Fixed ratio between x and y axes

It is possible to set the scaling of the axes to an equal ratio, with one visual unit being representing the same numeric unit on both axes. It is also possible to set them to ratios other than 1:1.

# Data where x ranges from 0-10, y ranges from 0-30
set.seed(202)
dat <- data.frame(
    xval = runif(40,0,10),
    yval = runif(40,0,30)
)
sp <- ggplot(dat, aes(xval, yval)) + geom_point()

# Force equal scaling
sp + coord_fixed()

# Equal scaling, with each 1 on the x axis the same length as y on x axis
sp + coord_fixed(ratio=1/3)

plot of chunk unnamed-chunk-15plot of chunk unnamed-chunk-15

Axis labels and text formatting

To set and hide the axis labels:

bp + theme(axis.title.x = element_blank()) +   # Remove x-axis label
     ylab("Weight (Kg)")                       # Set y-axis label

# Also possible to set the axis label with the scale
# Note that vertical space is still reserved for x's label
bp + scale_x_discrete(name="") +
     scale_y_continuous(name="Weight (Kg)")

plot of chunk unnamed-chunk-16plot of chunk unnamed-chunk-16

To change the fonts, and rotate tick mark labels:

# Change font options:
# X-axis label: bold, red, and 20 points
# X-axis tick marks: rotate 90 degrees CCW, move to the left a bit (using vjust,
#   since the labels are rotated), and 16 points
bp + theme(axis.title.x = element_text(face="bold", colour="#990000", size=20),
           axis.text.x  = element_text(angle=90, vjust=0.5, size=16))

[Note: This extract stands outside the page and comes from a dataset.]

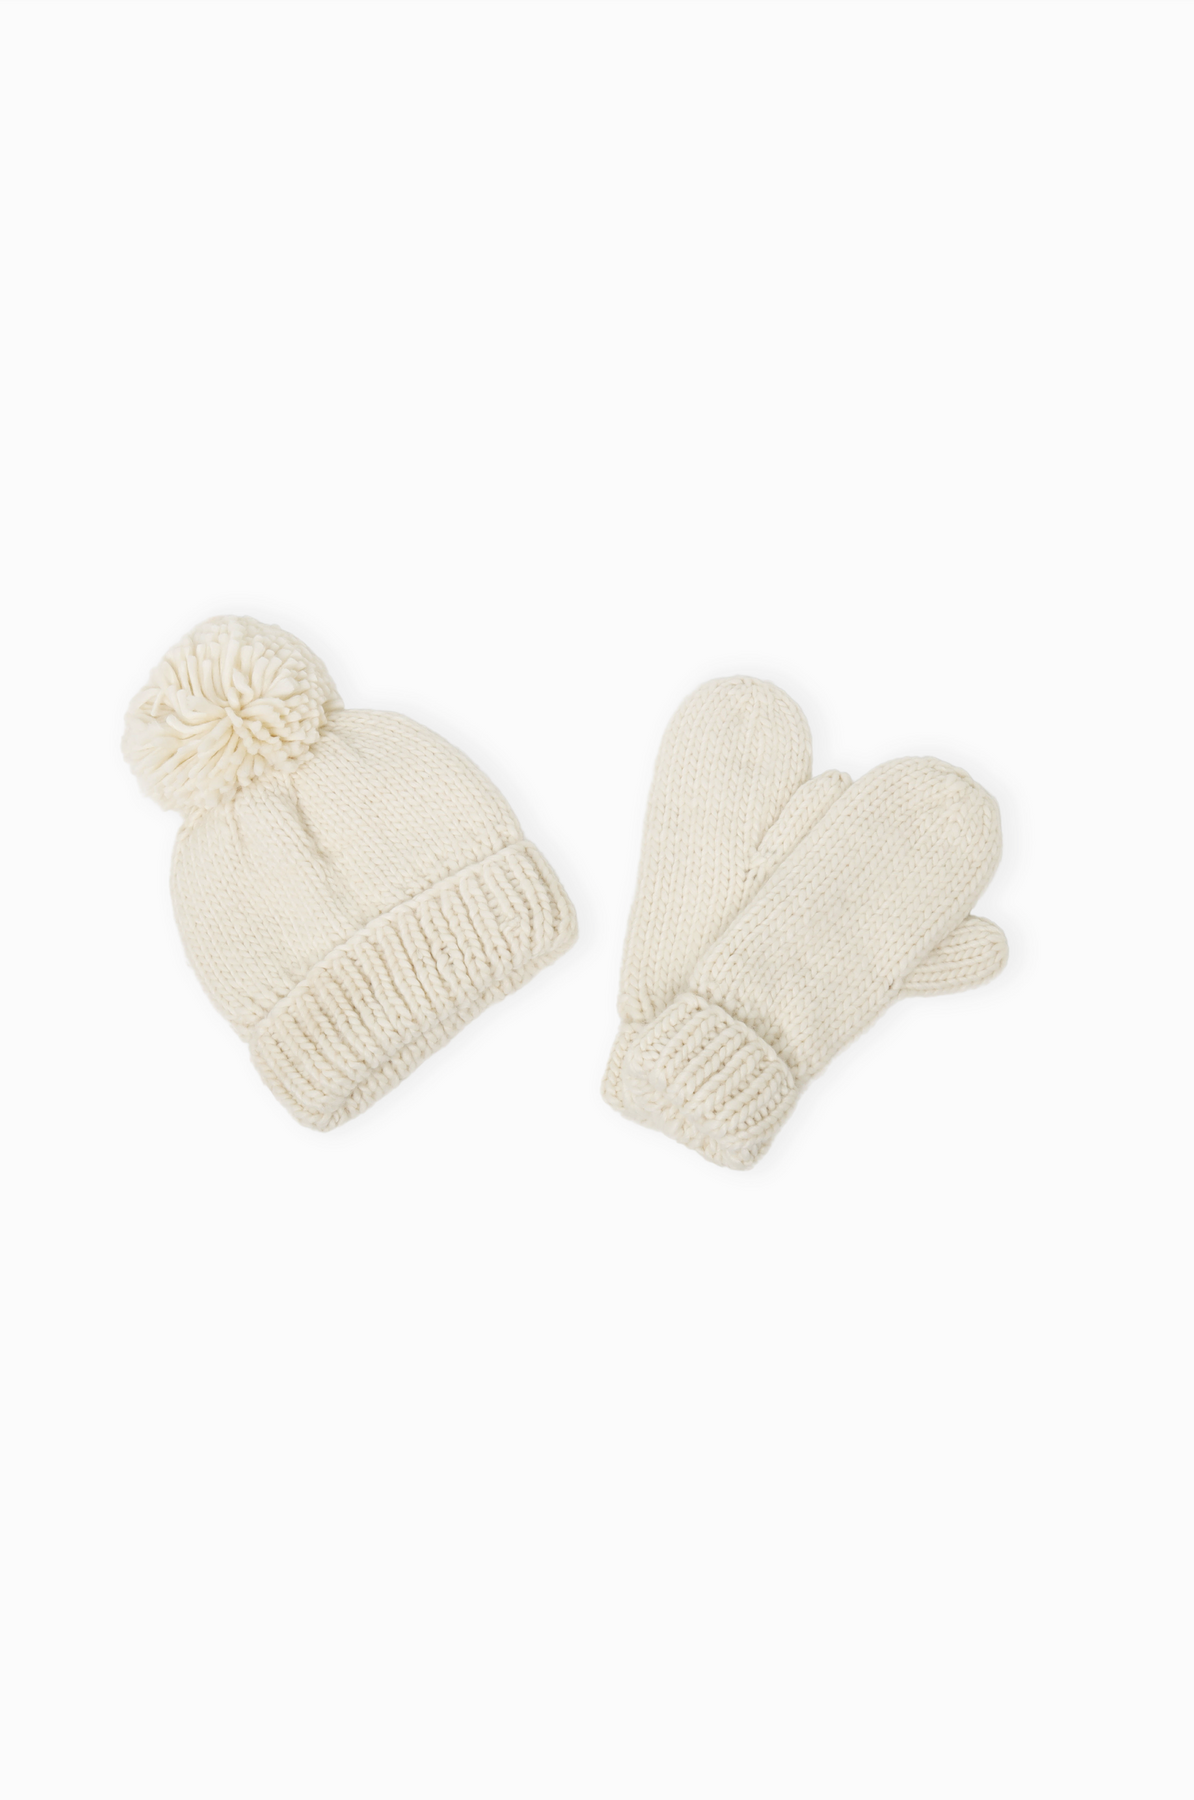 Hand Knit Basic Mittens in Ivory
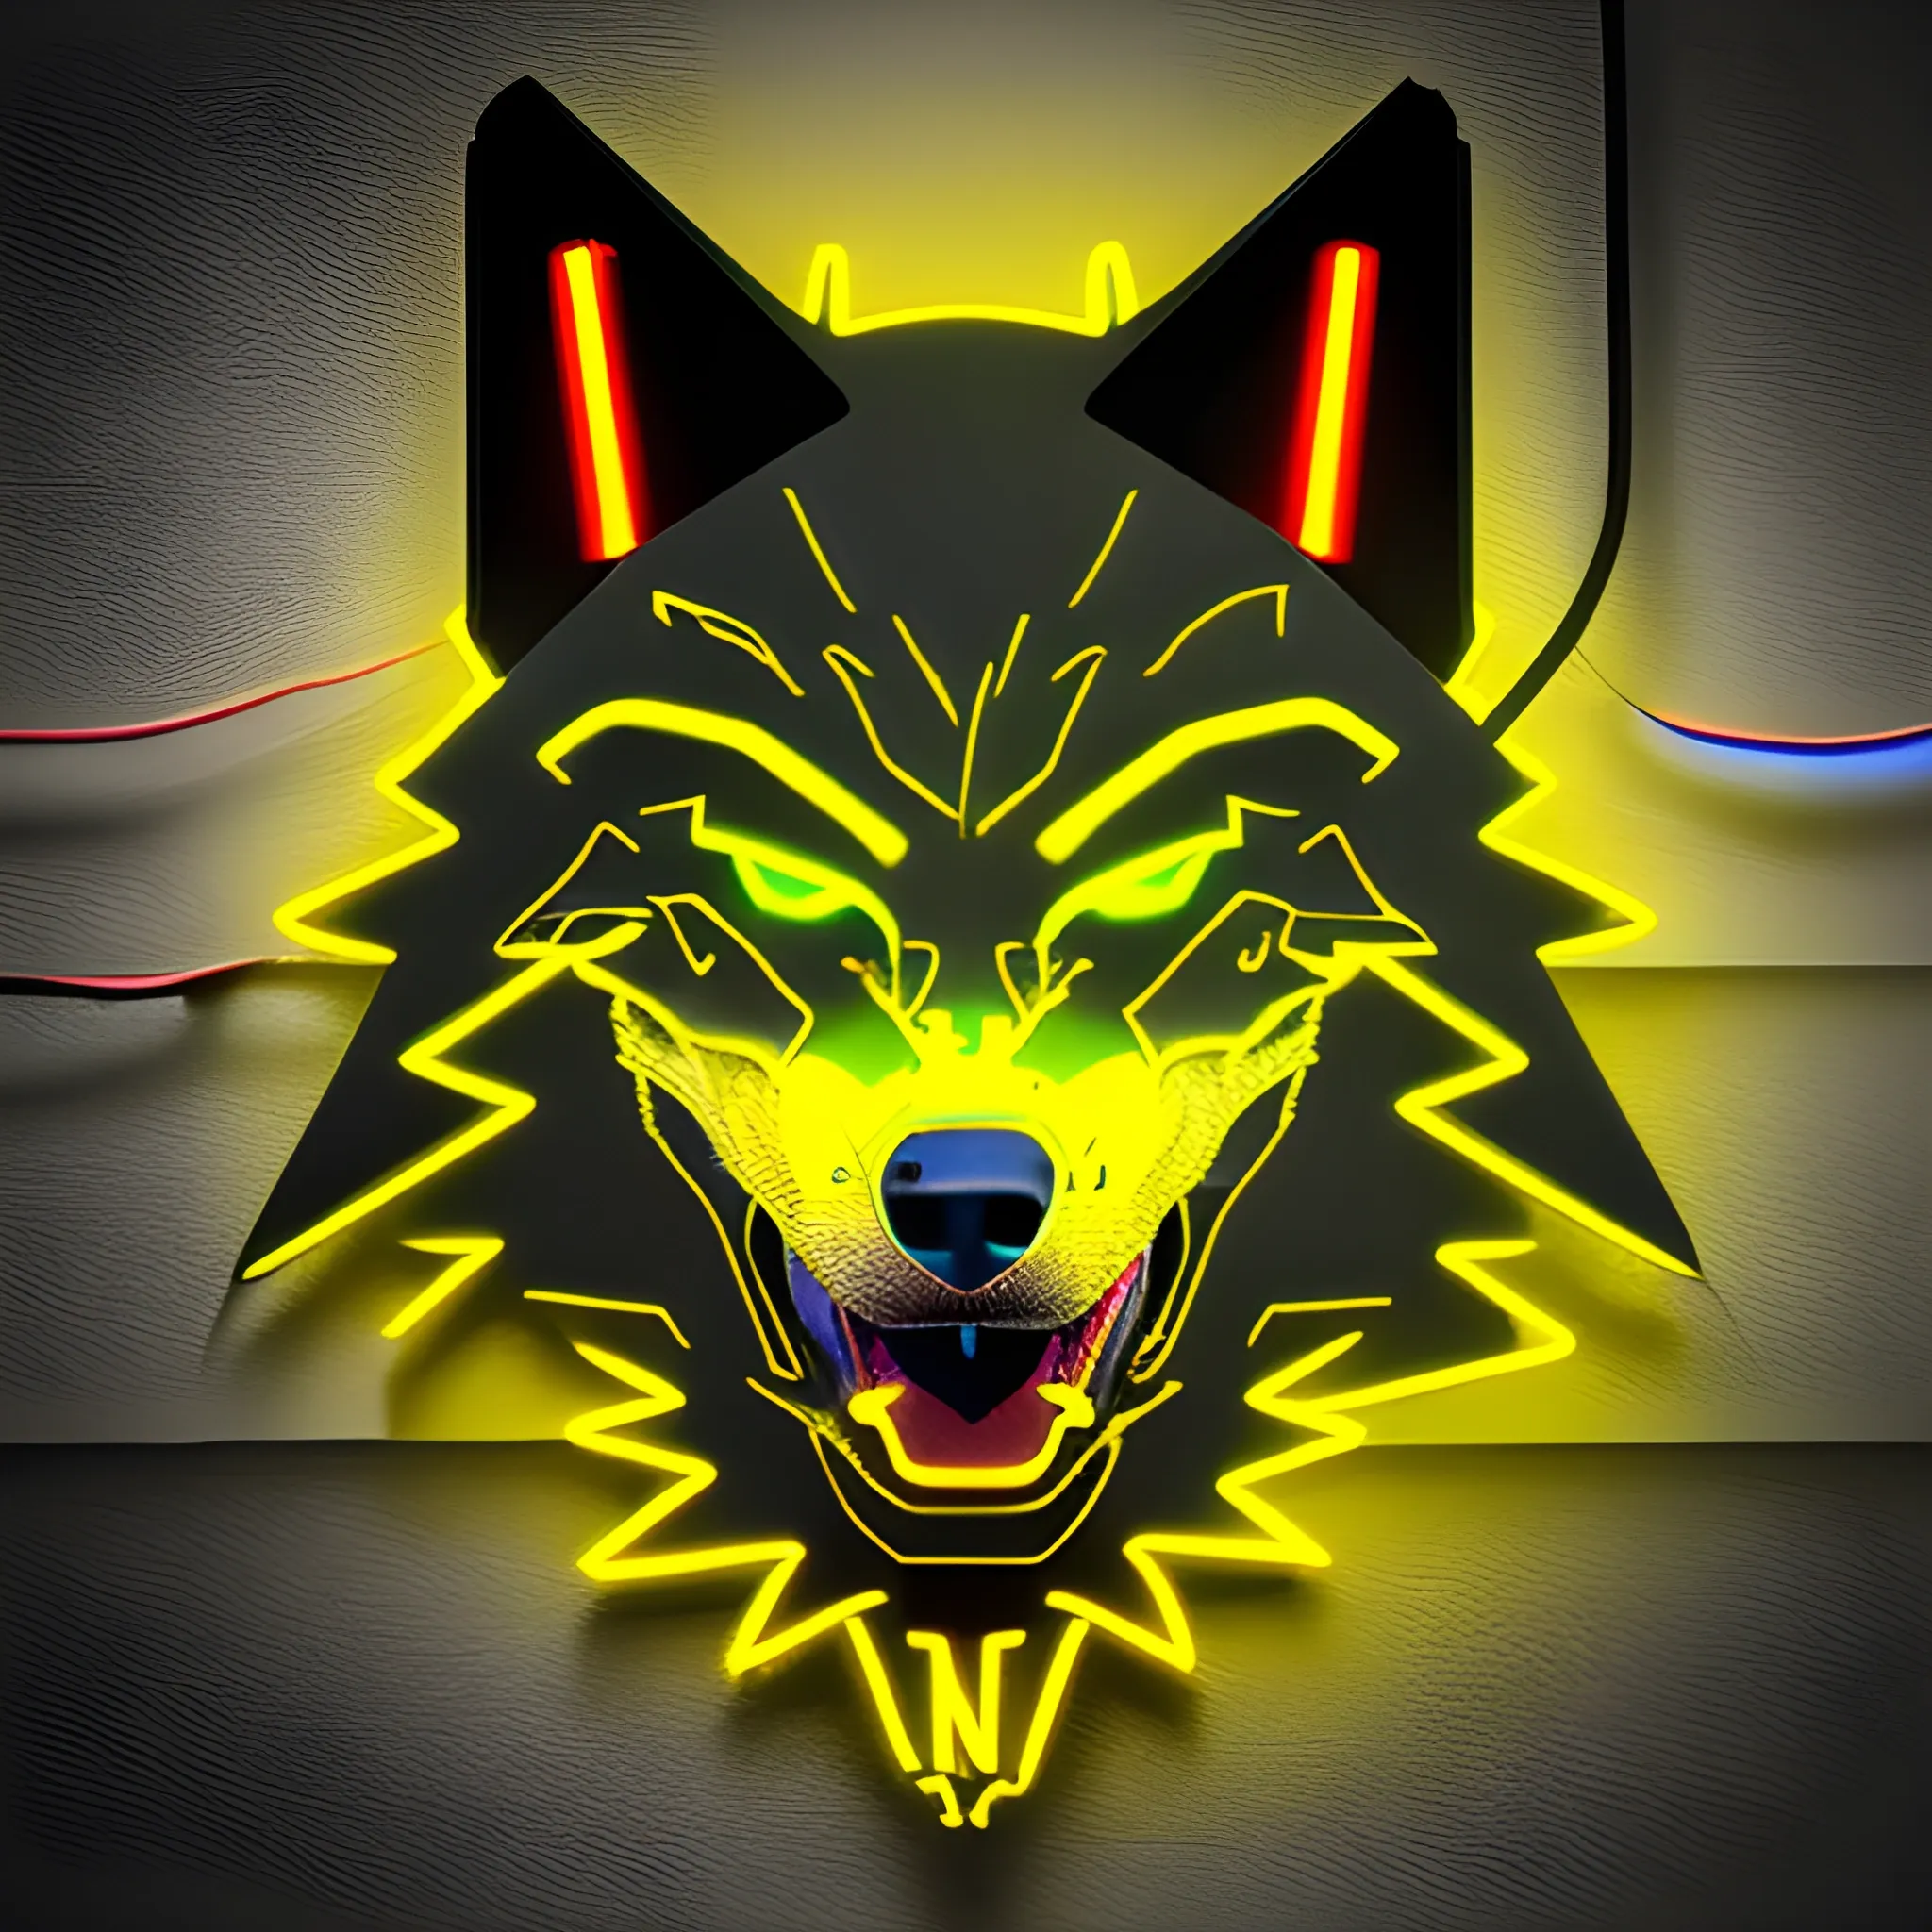 An angry cyberpunk wolf logo, using the yellow neon color, with athe letter "A" at the background, 3D

plot of chunk unnamed-chunk-17

Tick mark label text formatters

You may want to display your values as percents, or dollars, or in scientific notation. To do this you can use a formatter, which is a function that changes the text:

# Label formatters
library(scales)   # Need the scales package
bp + scale_y_continuous(labels=percent) +
     scale_x_discrete(labels=abbreviate)  # In this particular case, it has no effect

plot of chunk unnamed-chunk-18

Other useful formatters for continuous scales include comma, percent, dollar, and scientific. For discrete scales, abbreviate will remove vowels and spaces and shorten to four characters. For dates, use date_format.

Sometimes you may need to create your own formatting function. This one will display numeric minutes in HH:MM:SS format.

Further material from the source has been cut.